Now I'm not such an inveterate lefty as to say privatisation is A BAD THING entirely. My objection is not so much ideological as practical and pragmatic - in other words, competition can be good and can be bad at different times. To privatise or not requires an analysis of the specific industry and context. Deregulation in the telecoms sector 15 years ago was good - it broke up BT's monopoly and encouraged competition. Today, BT expands its global reach and prestige precisely because it was forced to wake up from its slumbers. Allowing council homes to be sold to their occupiers was a BAD THING because it was a cheap political trick. Now, with house prices above what lower incomes can afford in many parts of the country (with Cornwall being a worry because of all the second-homers), there is a housing crisis in the South-East, which is a direct descendant of Thatcher's ploy.
With the trains and with transport in general, privatisation creates a fragmented system when what one needs is integration. Britains' transport network has struggled to keep up with its publicly-owned contintental neighbours precisely because of this.
Separating ownership of track from rolling stock will be seen in history as a crazy decision - which led to quite a few deaths as both sides blamed each other. I only hope the ongoing privatisation of the Tube doesnt lead to similar disasters.
In the African context, the hugely inefficient public sector means the argument against wholescale privatisation is a difficult one to stage. However, the money being ploughed into private faith-based universities will not help ultimately in pushing Nigerian universities up their dismally low world rankings, nor will it create globally competitive students. And should it be the case the access to water is always at a fee? Neo-liberal (or neo-con - aren't they the same?) doxa combined with Western interests is really just using the 'efficiencies of privatisation' argument as a form of neo-colonial takeover in many parts of Africa. One of the things skewed up in many African countries is the lack of decent public services and a widespread trust in the administration; privatisation will not necessarily solve these problems of itself.
21 comments:
I may be mistaken, but the housing crisis in the South east is mostly to do with people such as nurses, teachers and so on not being able to afford houses.
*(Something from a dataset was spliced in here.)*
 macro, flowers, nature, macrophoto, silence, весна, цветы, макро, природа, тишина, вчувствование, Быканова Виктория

Relatively few homes are built in the South East. So surely the council flat selling had the advantage of increasing the absolute number of houses in circulation in the market. I believe the housing crisis would have been much worse if it had not occurred.
In addition, I don’t think that the move was a cheap political trick. For many families it helped them up the social ladder and gave them some equity for the first time.
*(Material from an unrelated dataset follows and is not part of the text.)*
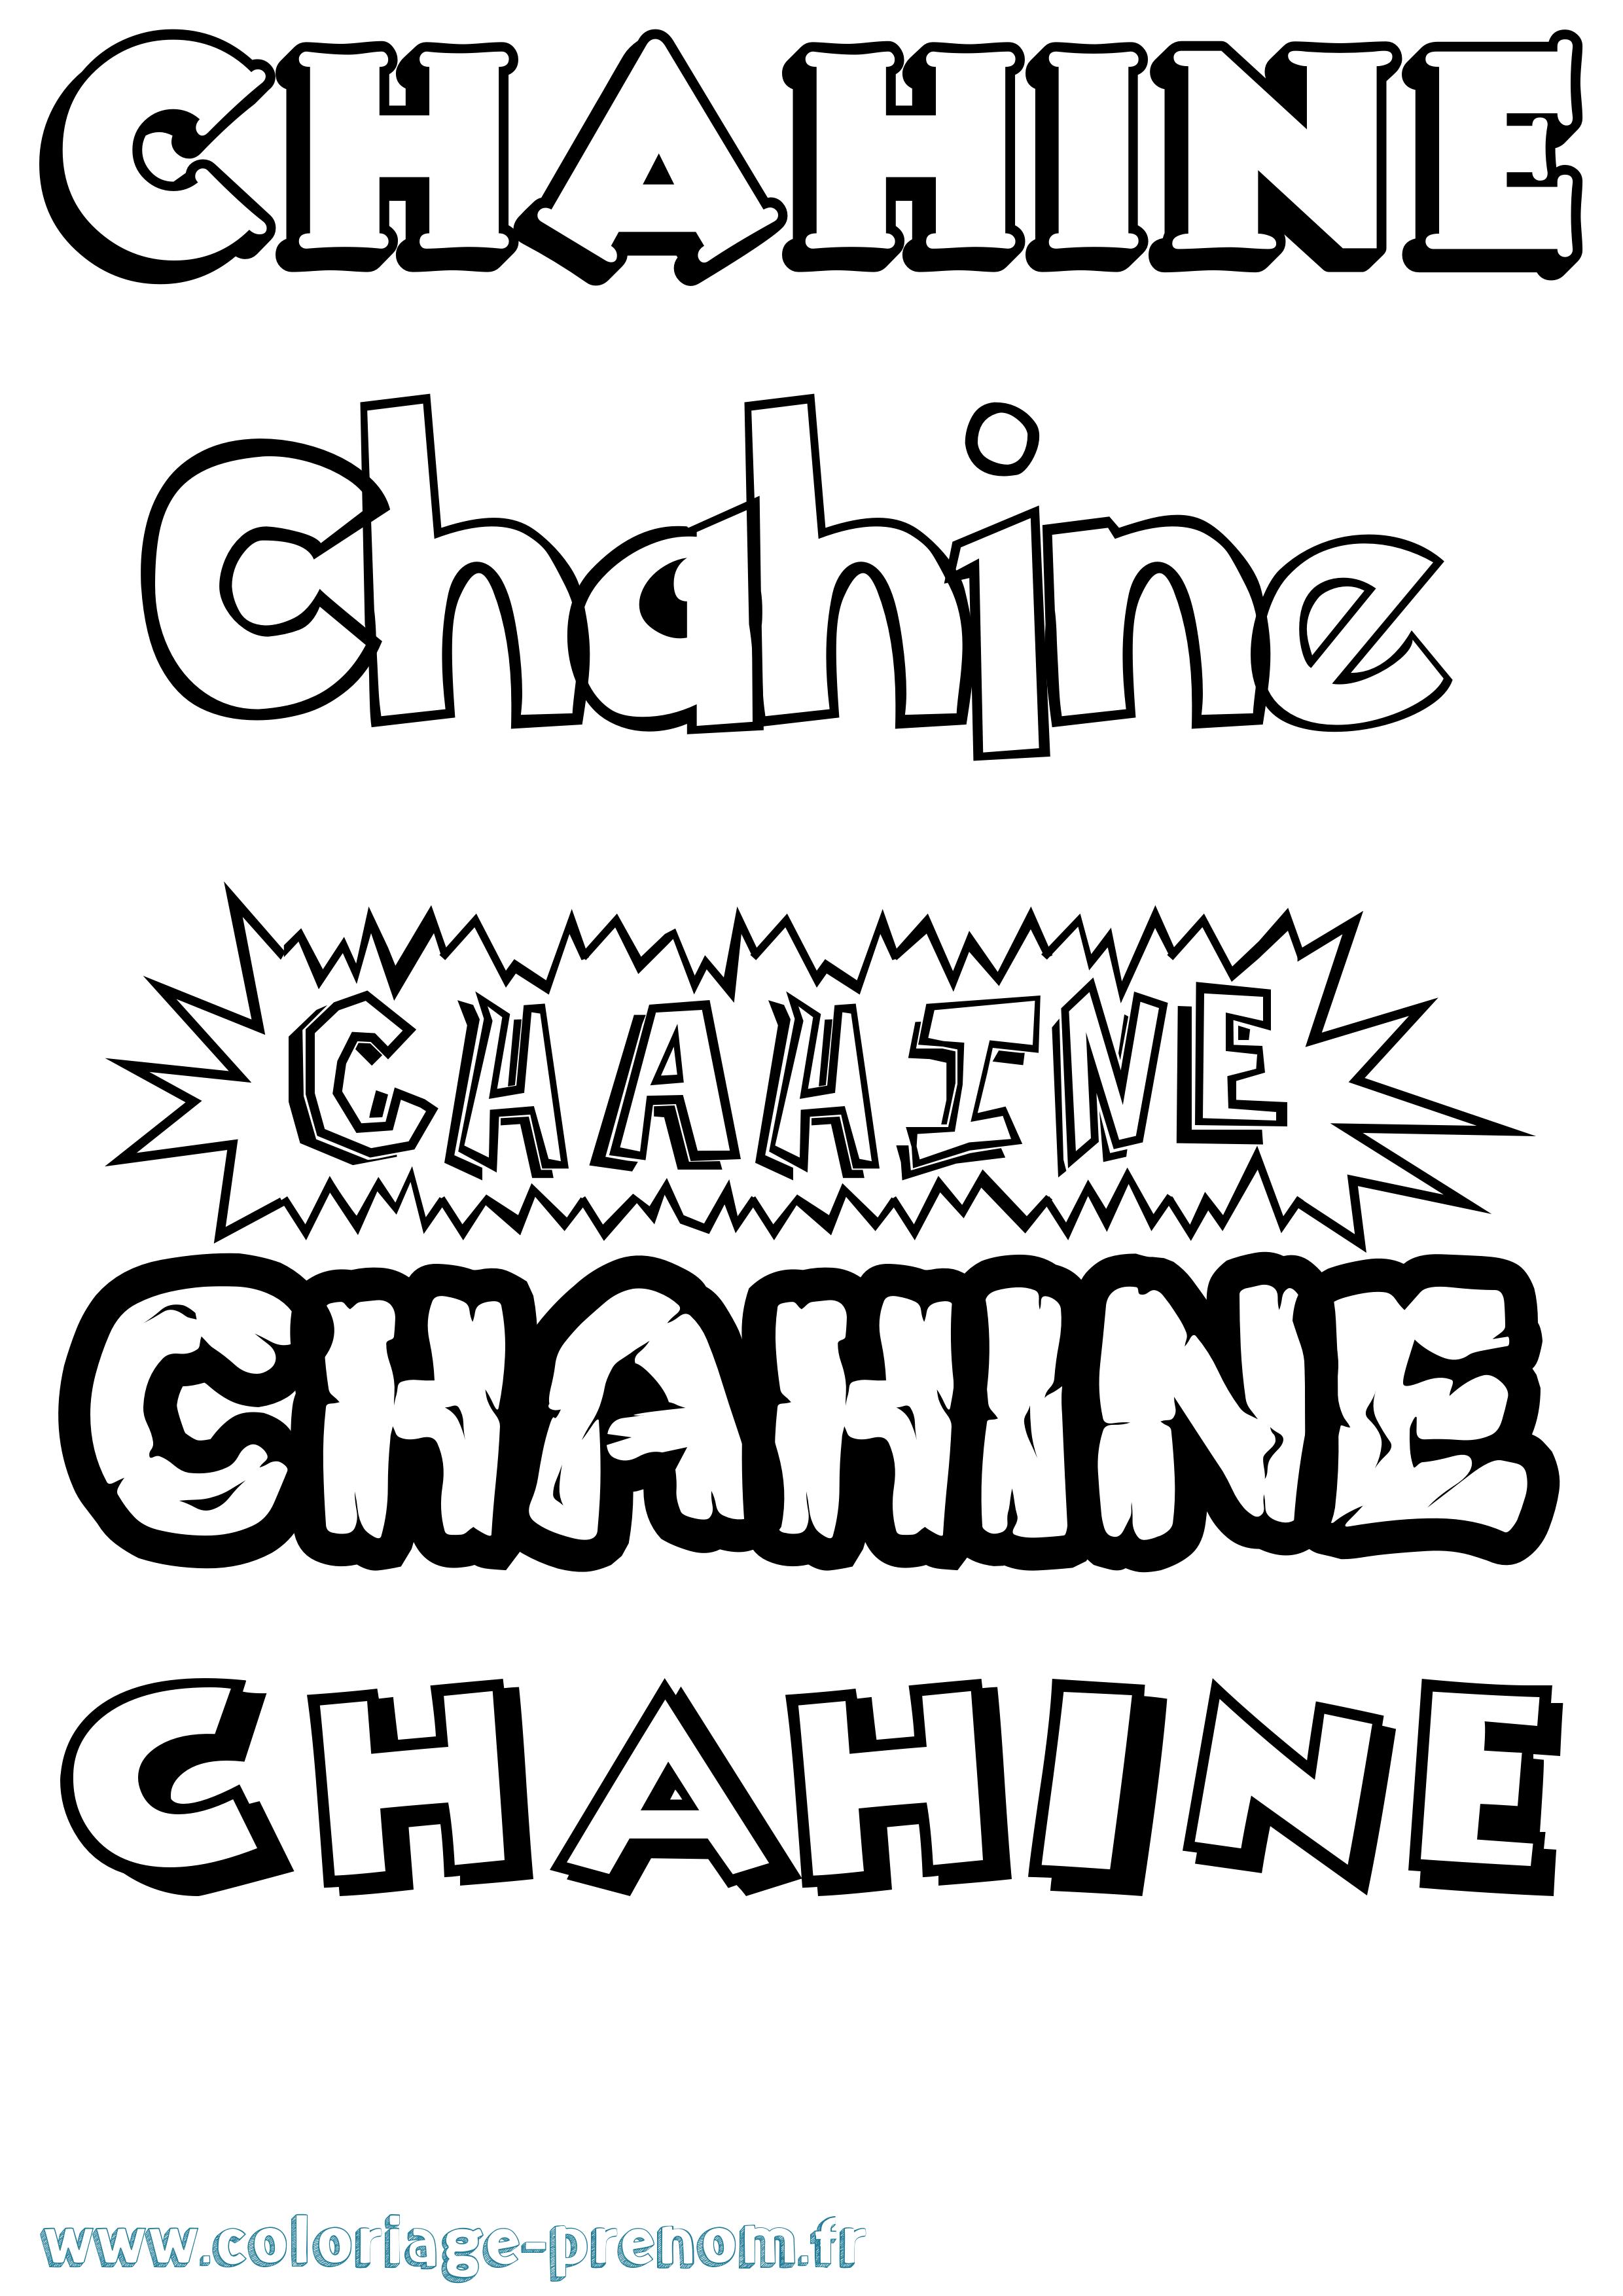 Coloriage Dessin Anime 2019.Coloriage Du Prenom Chahine A Imprimer Ou Telecharger Facilement

Finally, as someone who actually grew up in Nigeria I have a deep contempt for the public sector. Any thing even VAGUELY successful in Nigeria has been done by the private sector.
In Nigeria, the public sector does not drive growth; it is the main impediment to it.
It might be the case in nigeria, but not in other places. The public sector might be dysfunctional, but it doesn't mean that if it is concieved properly it would not serve the good.
I have enourmous respect for the power of public and private sectors combined. Let's also be fair, the UK is the biggest receiver of FDI from the US in the whole of Europe. It would be socially irresponsible and hugely selfish to throw caution to the wind and make choices purely on principle. I think the british have terribly short memories ....and quite frankly nothing seems to please them.
Too right, Kingsley!
I'm sure the reasons for the housing crisis in the UK are more to do with
1) Longer Life Expectancies
2) A higher immigrant to emigrant ratio
3) More single-person occupancies
4) Higher rates of divorce, meaning that women who would have relied on a higher-earning husband to pay the rent, etc now have no such safety net.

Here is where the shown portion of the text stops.